Они вдвоем стоят у края платформы. Да и вещей-то почти нет, одна синяя сумка с двумя ручками и дамская маленькая. Она всегда ненавидела рюкзаки, считала их непозволительными даже для мужчин, конечно, если они не спортсмены. Трудно представить спортсмена с каким-нибудь черным строгим кейсом. Трудно и ненужно. А женщина - всегда женщина. Даже на московском перроне. Строгое синее пальто чуть ниже колен,из-под которого едва виднеется оборка юбки,только самый краешек, кожаные черные перчатки и сапоги на каблуке средней высоты. Та самая дамская сумочка и шляпка, чуть сдвинутая набок. Она всегда восхищалась собой. Не прилюдно, а дома, когда оставалась одна. Садилась возле зеркала и могла долго неотрывно смотреть на себя, просто думая о чем-то. НЕ мечтала почти никогда. Мечтания-удел тех, кто не может добиваться, в ее случае-цель. Она всегда стремилась в высотам всегда хотела чего-то запредельного и у нее получалось.
Сейчас она ехала в Петербург.Любила назвать все по-старинному,по-девятнадцативековому, если можно так выразиться. Поэтому не в Питер, а именно в Петербург.
Он, ее молодой человек, стоял рядом с ней. Кстати сказать, очень вписывался в атмосферу этого утра. Одет аккуратно, стильно, в серое. И на нем шарф. Она дарила ему на прошлое Рождество. Любила, когда он его надевал.
Смотрел на нее и периодически брал за руку. Смотрел в глаза, но она смотрела куда-то вдаль. Можно отметить, что сейчас взгляды были совсем разными: ее-загадочный, его- рассеянный. Несовместимые слова, но, если бы вы увидели их в тот момент, сказали бы то же самое.
Объявили поезд. Она легко отстранилась от него, посмотрела. Он взял сумку и они побрели по перрону, куда-то в сторону горизонта, хотя, на самом деле, к хвосту поезда. Он забыл номер вагона. Может, нервы, она помнила четко-18… Остановились.
Поезд подъехал, громыхая всем, чем было возможно, вздрогнул и замер. Через несколько секунд зашипел и снова устало замолчал.
Суетливость усилилась. Какие-то женщины, сбивая всех, бежали к вагонам, будто поезд отправится через полминуты. Послышались неприличные реплики недовольства, потом плач малыша. Снова стало жужжаще - гулко, как и должно быть, в порядке вещей.
Зашли в вагон. Так душно и пахнет перьями от подушек. Российские поезда всегда такие, мало что меняется с годами в них, разве что проводники меняются и детали ржавеют.
Нижняя полка. Сложили вещи. Поставили на стол пачку сока, она ненавидела газировку и сок пила тоже исключительно из стаканчика. Села, достала зеркало из внутреннего кармана и помаду, аккуратно открыла крышечку и уверенно провела по губам. Затем еще раз приподняла зеркало и посмотрела на себя сверху вниз, захлопнула его, сложила все назад. Он стоял молча и смотрел на нее.
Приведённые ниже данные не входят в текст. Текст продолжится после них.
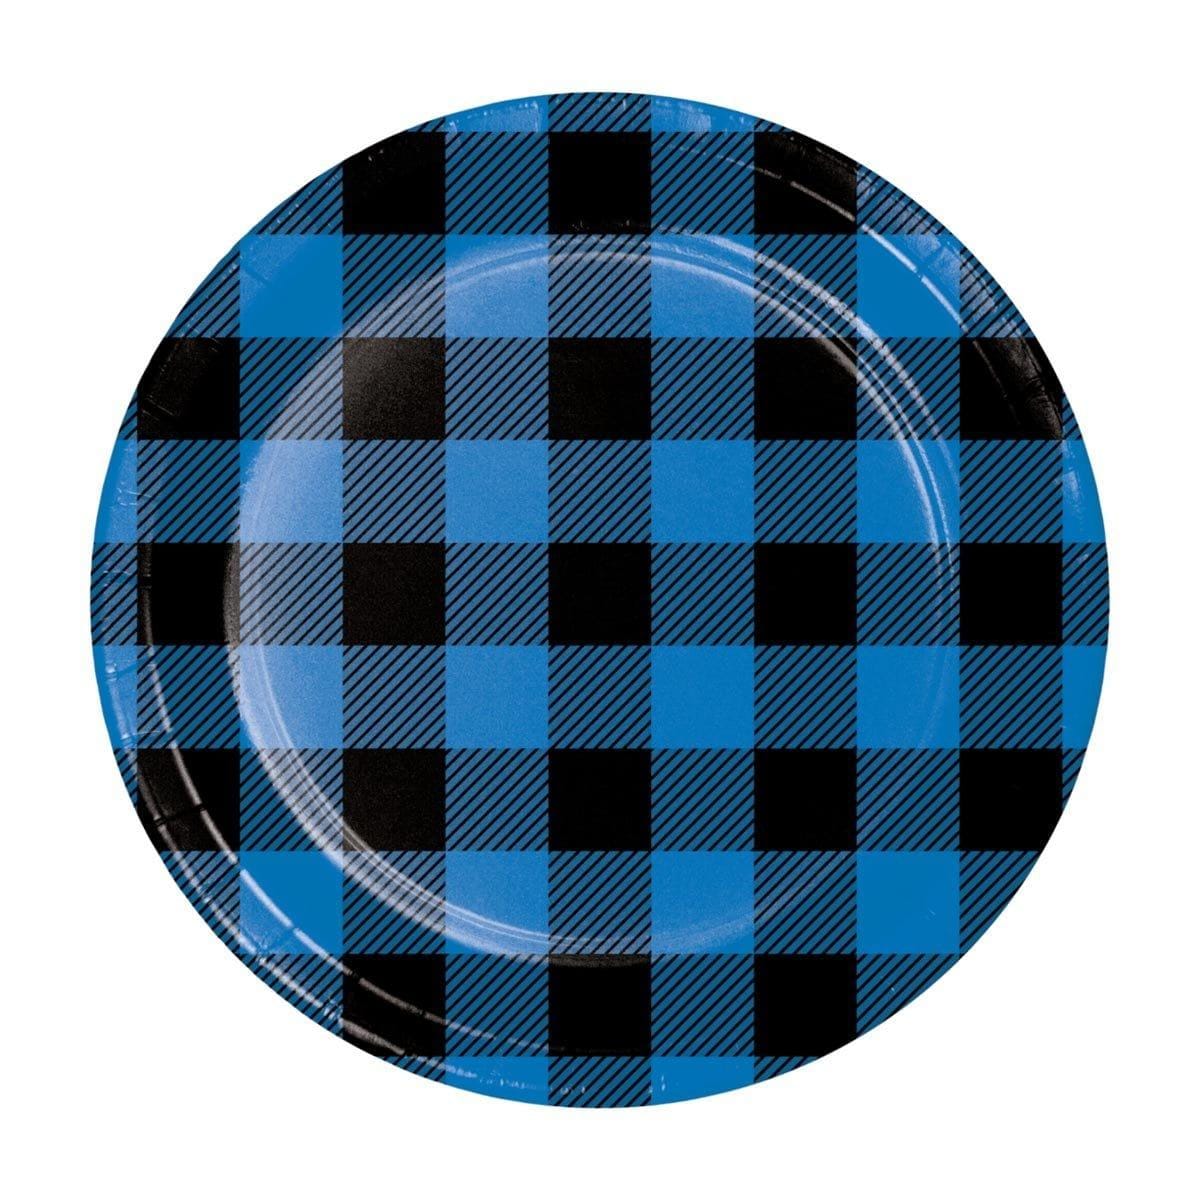 Buy Everyday Entertaining Blue Buffalo Plaid Plates, 7 inches, 8 Count sold at Party Expert

Махнув в сторону двери, она пошла первая, зная, что он всегда пропускал ее вперед. Двери открывать было ненужно, поэтому она направилась вперед уверенно, не оглядываясь. Вышли из вагона. И снова прохладно. Он приподнял руку, мельком посмотрел на часы. 6.20 утра. Через 10 минут отправится. Стоят и смотрят вокруг. Будто они стали осью Земли и она вращалась вокруг них.
Объявили об отправлении. Она повернулась резко, испуганно, полубоком и посмотрела на него, коснулась кончиками двух пальцев щеки, почувствовала, что он вздрогнул. Виду не подала. Слегка наклонилась к нему , поцеловала легонько в уголок губ , зашла в вагон, не обернувшись.
-Наверное, не хочет , чтобы я видел ее слез, -решил он.
Прошла и села на свое место. Он уже стоял у окна. Глаза были абсолютно сухими, на лице была мягкая улыбка, ее улыбка. Поезд тронулся. Шли минуты. Поезд уже скрылся вдалеке, а он продолжал смотреть на рельсы. Не потому что было больно, а потому что просто смотрел. Внутри не осталось боли, ни разочарования, ни обиды, ни горечи.Просто там не осталось ничего и нечем было чувствовать.
Морозно. Выбритым щекам всегда больнее переносить такую погоду.
Она не любила небритых мужчин, зачем было с ней спросить, лучше сделать так, как хочется ей, чтобы лишний раз не расстраивать.
Она редко укоряла, но просто молчала. А взгляд выдавал и радость, и боль, и недовольство. Даже не мимика, она не менялась почти никогда, а вот глаза.. Он боялся их, боялся, чтобы в них пробегала искорка чего-то нехорошего. Не хотел и старался всегда не делать ничего, что могло бы к этому привести
Он не думал сейчас ни об этом, ни о чем, не думалось как-то.
Она сидела в вагоне, слушая плеер. Какие-то песни на старый мотив, но для души.
В вагоне работало радио. Макс Леонидов своим неподдельным голосом пел актуальные слова из «От Питера до Москвы»:
Разольется за окнами голубой
Привокзальный неяркий свет
Мы уже не в сегодня, мой друг, с тобой
Но и в завтра нас тоже нет…
Устала, прилечь бы и отдохнуть. Чем и займусь. Скоро новая жизнь, там нужно свое место найти, а это так трудно… Закрыла глаза… «От Питера до Москвы вези меня тепловоз…Лишь восемь часов без сна от Питера до Москвы…»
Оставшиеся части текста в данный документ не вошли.